New system tables for pipeline observability
A brand new pipeline system desk is now in Public Preview, providing you with a whole, queryable view of all pipelines throughout your workspace. It contains metadata like creator, tags, and lifecycle occasions (like deletions or config modifications), and could be joined with billing logs for value attribution and reporting. That is particularly helpful for groups managing many pipelines and seeking to monitor value throughout environments or enterprise items.
A second system desk for pipeline updates – overlaying refresh historical past, efficiency, and failures – is deliberate for later this summer time.
Get hands-on with Lakeflow
New to Lakeflow or seeking to deepen your abilities?

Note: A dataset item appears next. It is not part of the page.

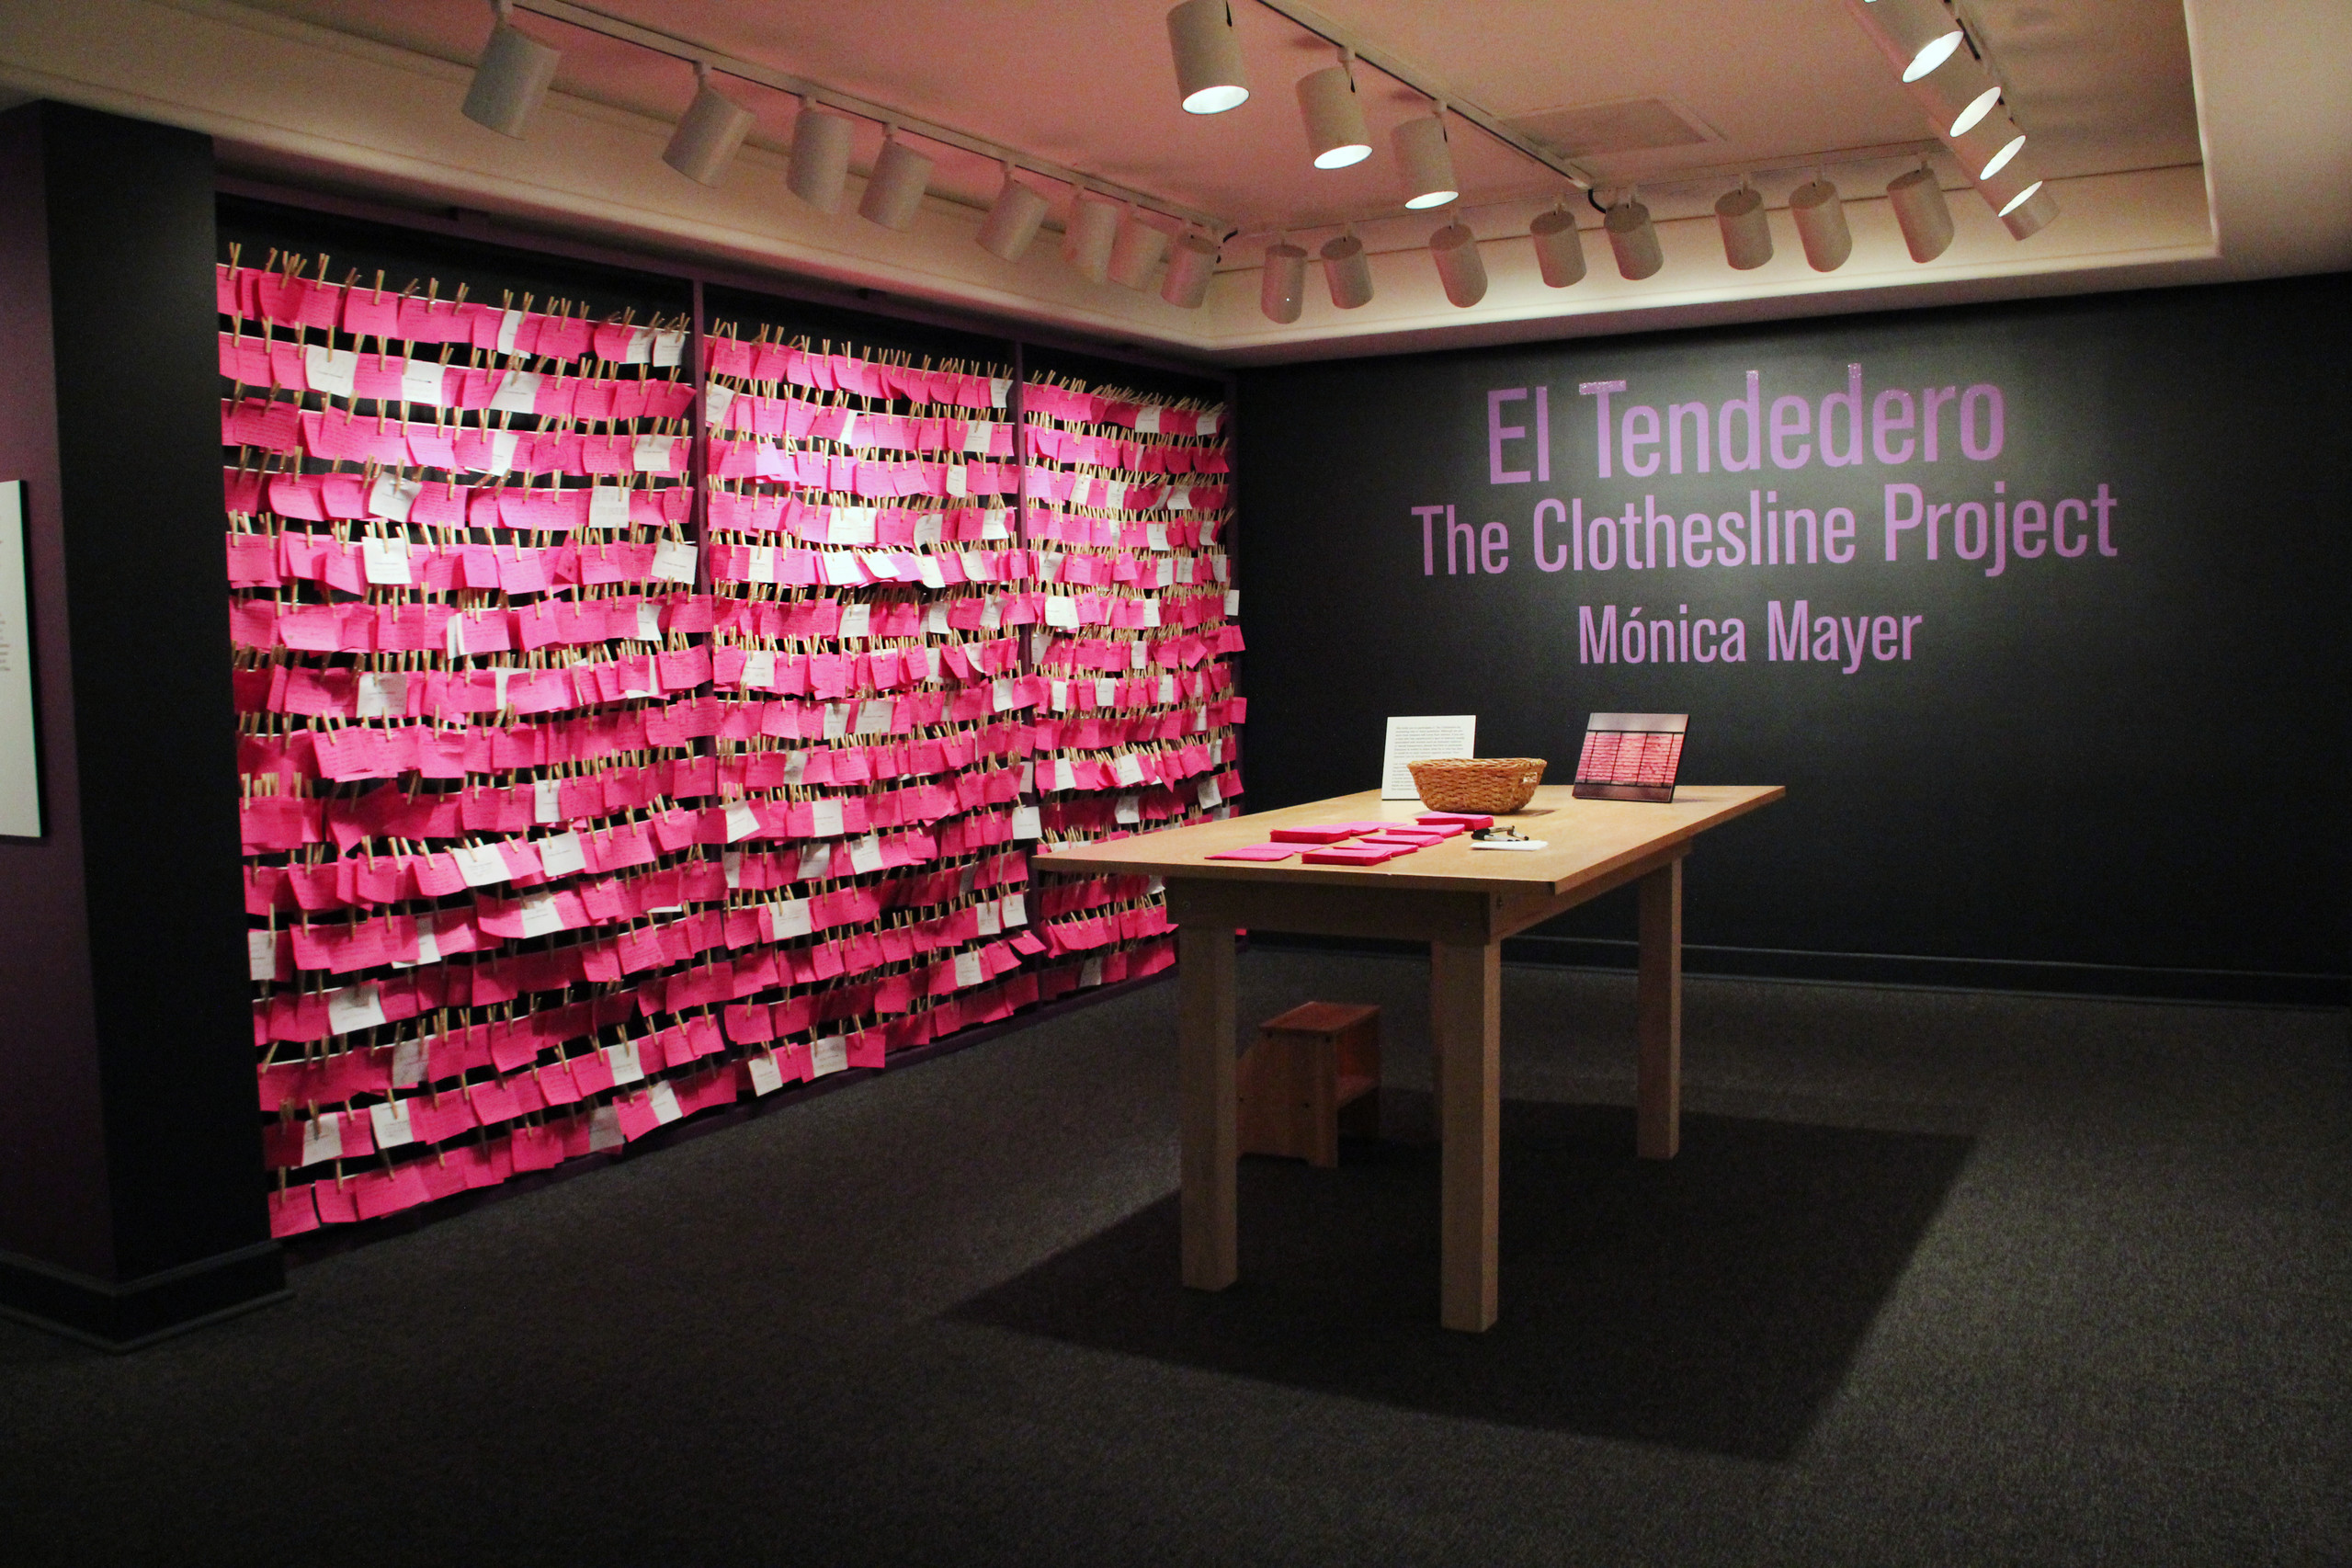 View of exhibition gallery features bright pink post-it notes line the wall from ceiling to floor. On the adjacent wall are the words in pink text:

We’ve launched three free self-paced coaching programs that will help you get began:
- Information Ingestion with Lakeflow Join – Learn to ingest information into Databricks from cloud storage or utilizing no-code, totally managed connectors.
- Deploy Workloads with Lakeflow Jobs – Orchestrate manufacturing workloads with built-in observability and automation.
- Construct Information Pipelines with Lakeflow Declarative Pipelines – Go end-to-end with pipeline growth, together with streaming, information high quality, and publishing.
All three programs can be found now for free of charge in Databricks Academy.